- Centuries:: 19th; 20th; 21st;
- Decades:: 1990s; 2000s; 2010s; 2020s;
- See also:: List of years in Wales Timeline of Welsh history 2011 in The United Kingdom England Scotland Elsewhere Welsh football: 2010–11 • 2011–12

= 2011 in Wales =

This article is about the particular significance of the year 2011 to Wales and its people.

== Incumbents ==

- First Minister – Carwyn Jones
- Secretary of State for Wales – Cheryl Gillan
- Archbishop of Wales – Barry Morgan, Bishop of Llandaff
- Archdruid of the National Eisteddfod of Wales – Jim Parc Nest

== Events ==

- 1 January – Welsh recipients of New Year Honours include Raymond Rees (MBE), for his role in preserving the tradition of coracle fishing; Tom Davies (OBE), commissioner of the Independent Police Complaints Commission in Wales; Peter Walker, former Glamorgan cricketer (MBE); educator Dr Dennis Gunning (CBE); and Gareth Vaughan, president of the Farmers’ Union of Wales (MBE).
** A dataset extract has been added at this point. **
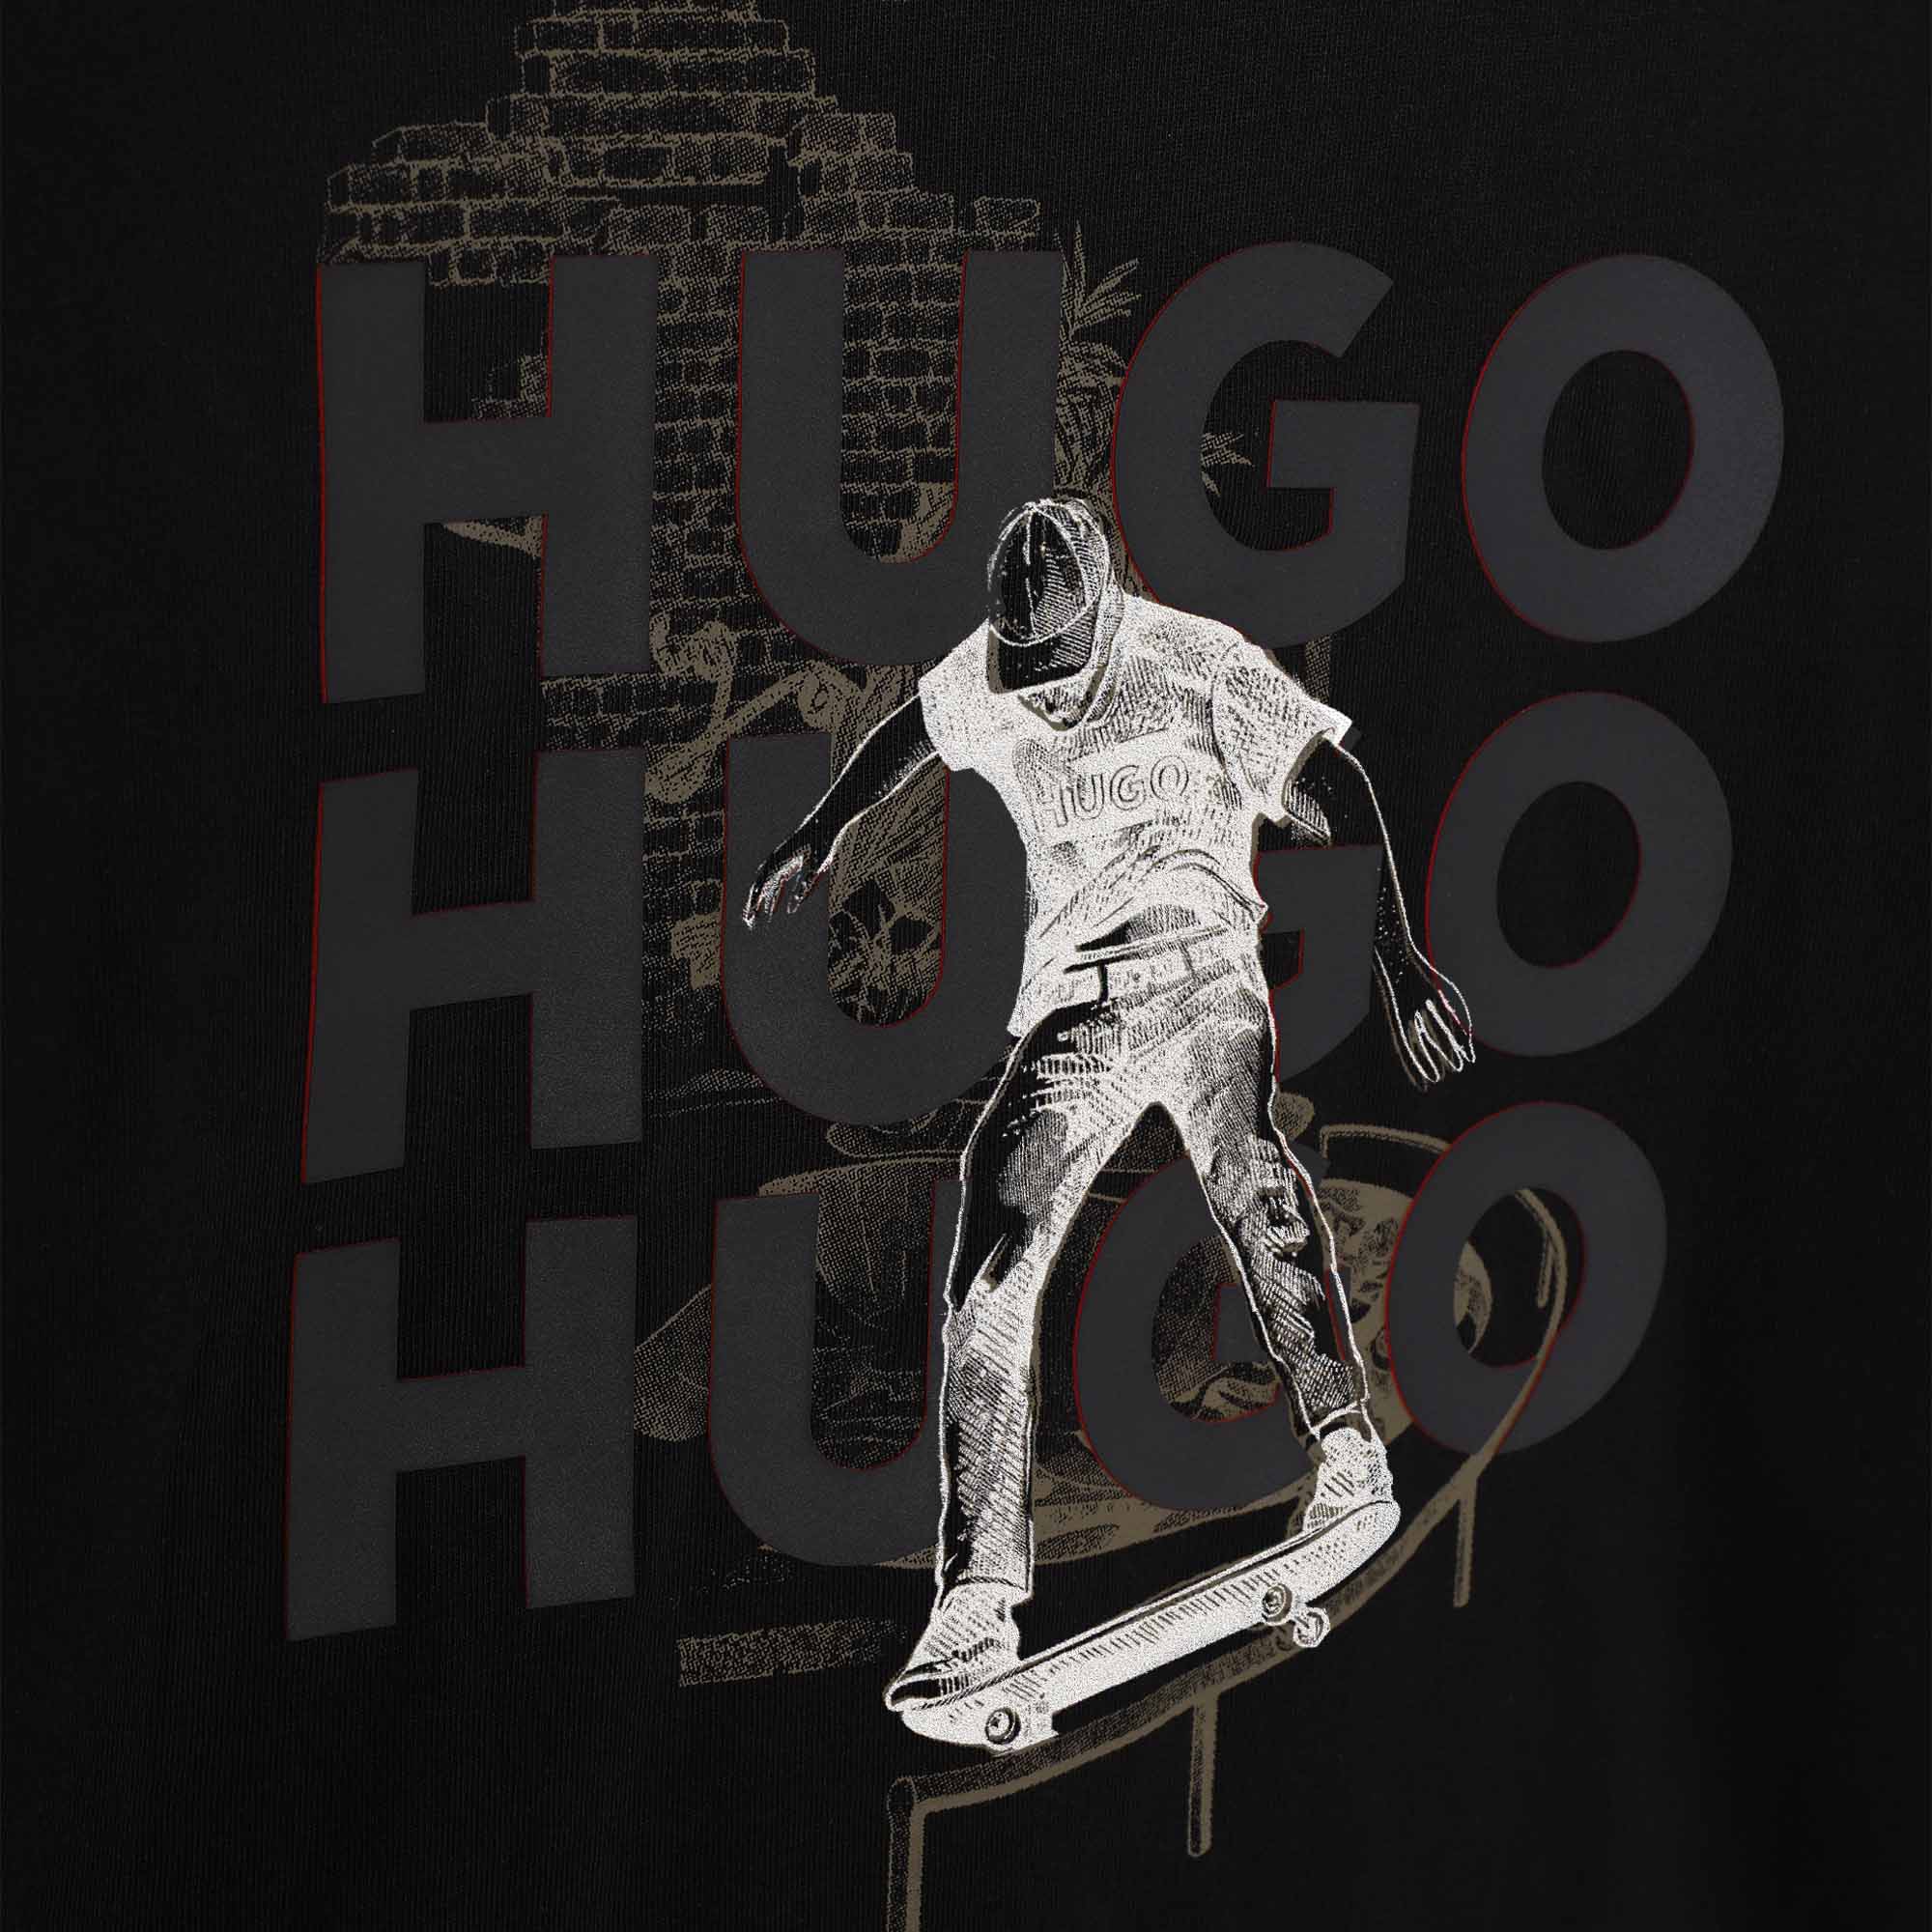 T-shirt with skateboard print HUGO for BOY

Professor Eldryd Parry is made a KCMG for his services to medicine.
- 5 January – John Warman, a veteran Liberal Democrat councillor in Neath, defects to the Labour Party
- 21 January – The South Wales coastguard carry out their "first ever" rescue of a mudslide victim, at Rhossili in Gower.
- 2 February – A bronze bust of Ray Gravell by John Meirion Morris is unveiled at the BBC Cymru Wales HQ in Cardiff.
- 7 February – Wrexham council grant planning permission for the "Waking the Dragon" tower to be constructed near Chirk.
- 19 February – The first public passenger train operates between Caernarfon and Porthmadog Harbour over the restored Welsh Highland Railway.
- 24 February – Kate Middleton, accompanied by her fiancé Prince William of Wales, attends a lifeboat naming ceremony at Trearddur, Anglesey, her first public engagement in the principality.
- 3 March – Welsh devolution referendum: Of a 35.2% voting turnout, 63.49% vote 'yes', and 36.51% vote 'no' in response to the question "Do you want the Assembly now to be able to make laws on all matters in the 20 subject areas it has powers for?".
- 15 March – Local Government Minister Carl Sargeant confirms to the National Assembly that Anglesey Council will be taken over by independent commissioners as a result of infighting between councillors. Sargeant says that the councillors have "betrayed those who elected them" and indulged in "politics of the playground".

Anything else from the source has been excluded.